Print the data that follows word for word, leaving out any picture.

* **Given data**
■ ■ ■

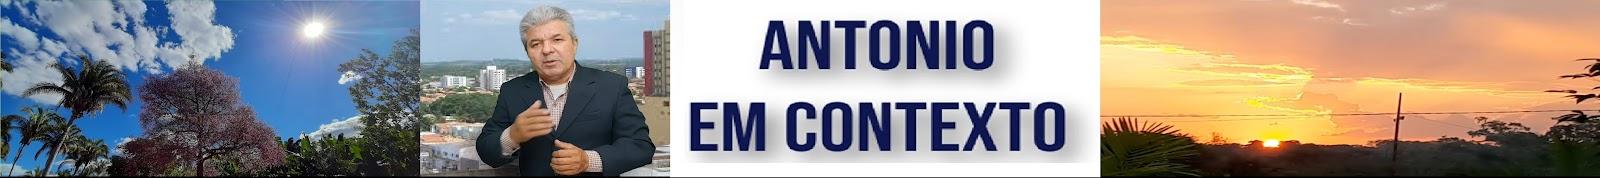 ANTONIO EM CONTEXTO
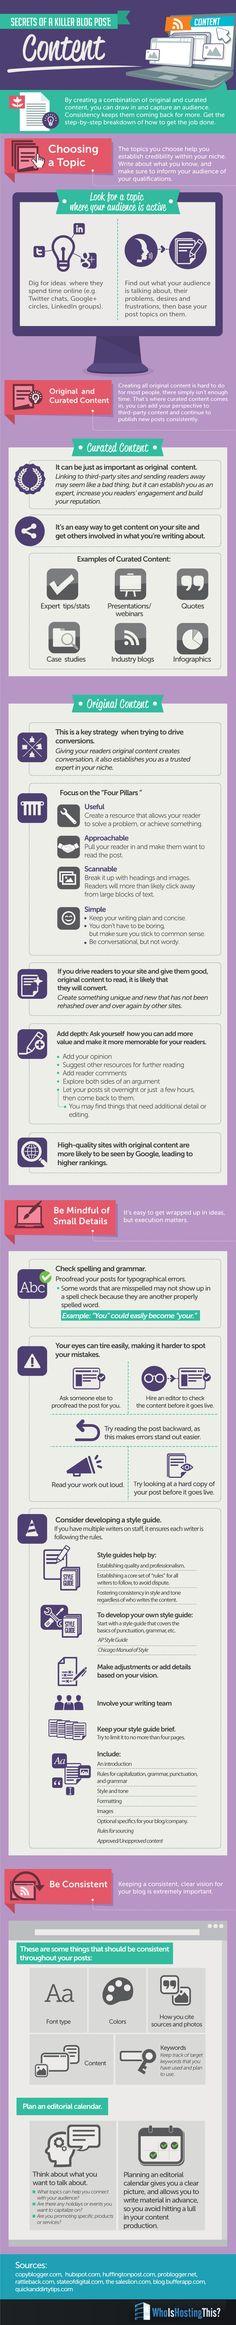 secrets of a Killer Blog Post: Content #infographic
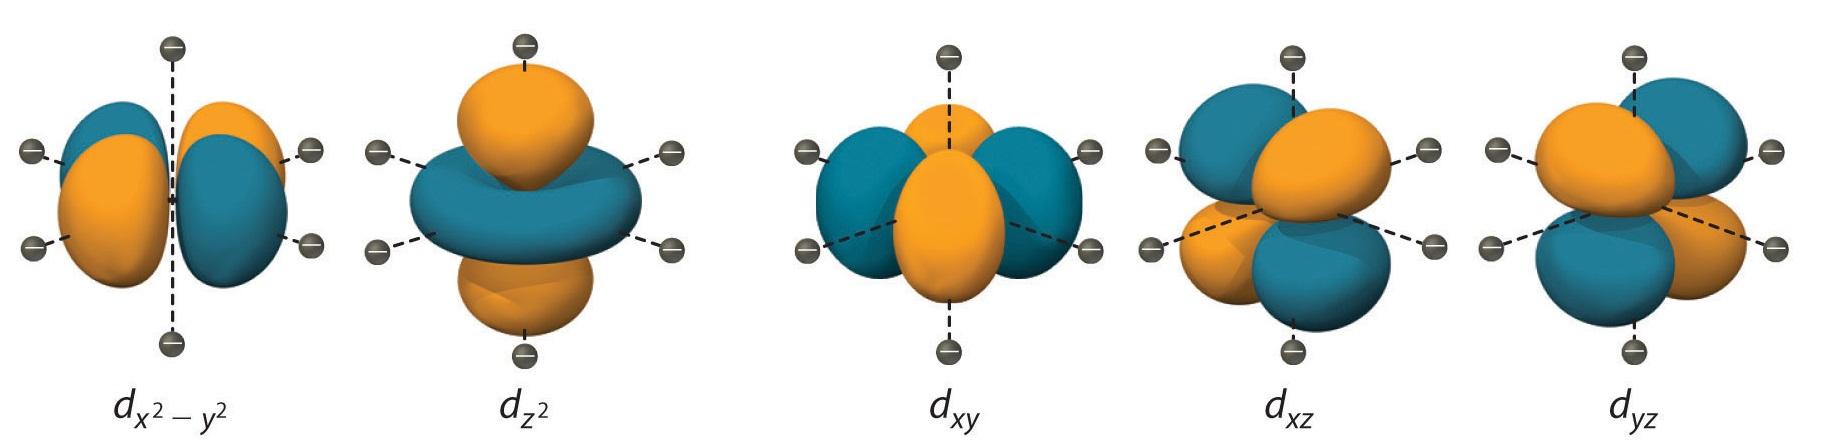 http://chemistryjee.blogspot.ro/2015/08/crystal-field-theory.html
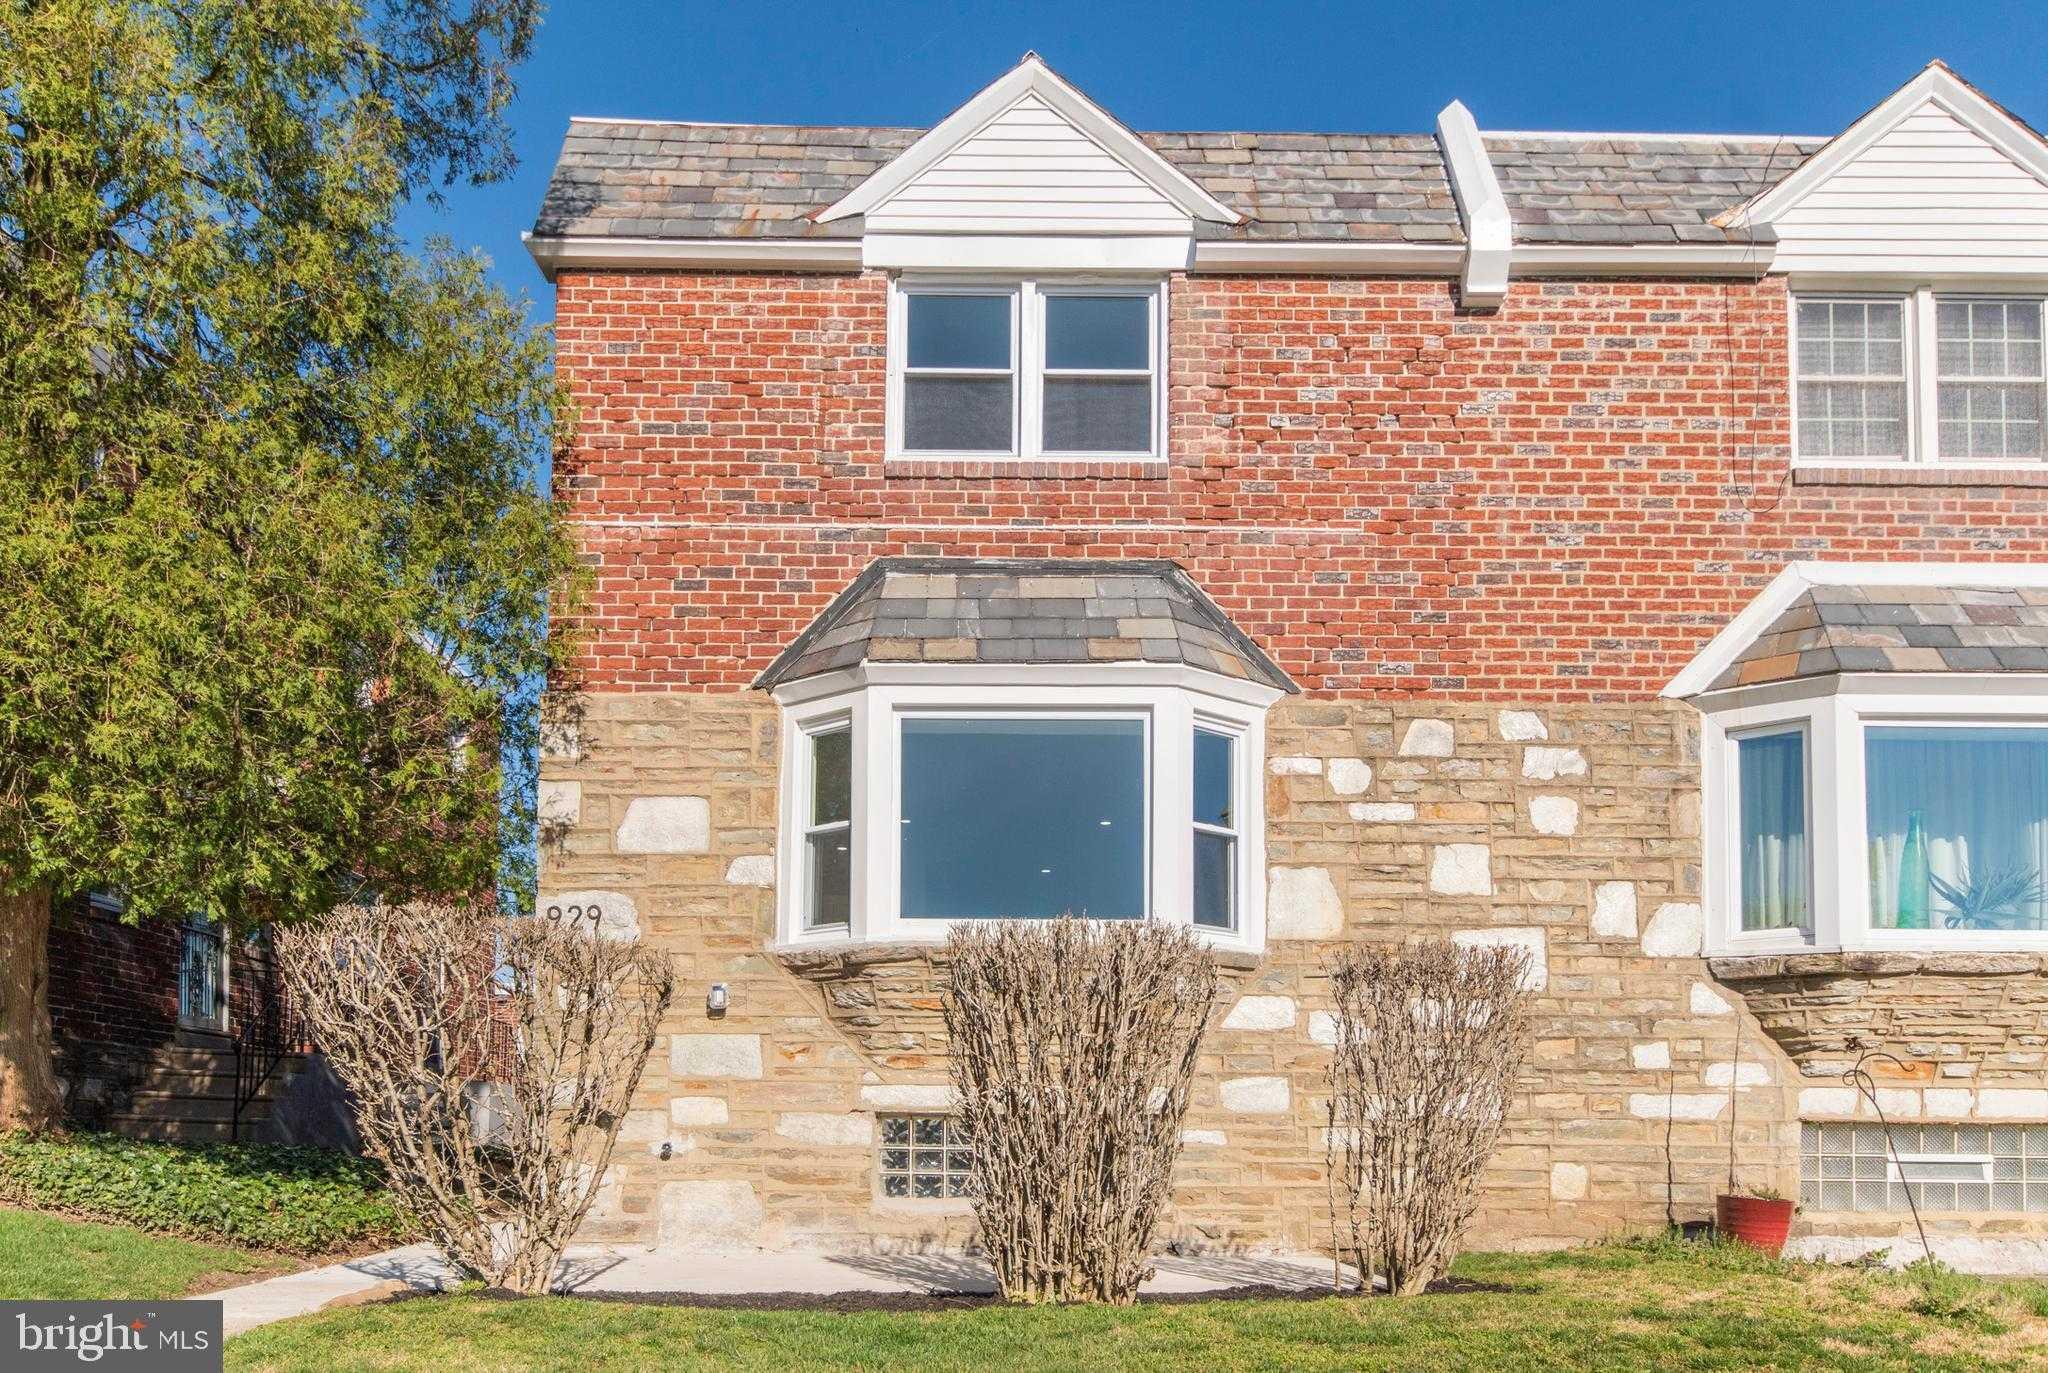 $380,000 - 3Br/4Ba -  for Sale in Cedarbrook, Philadelphia

■ ■ ■

* **Answer to the problem**
 ANTONIO EM CONTEXTO
 secrets of a Killer Blog Post: Content #infographic
 http://chemistryjee.blogspot.ro/2015/08/crystal-field-theory.html
 $380,000 - 3Br/4Ba -  for Sale in Cedarbrook, Philadelphia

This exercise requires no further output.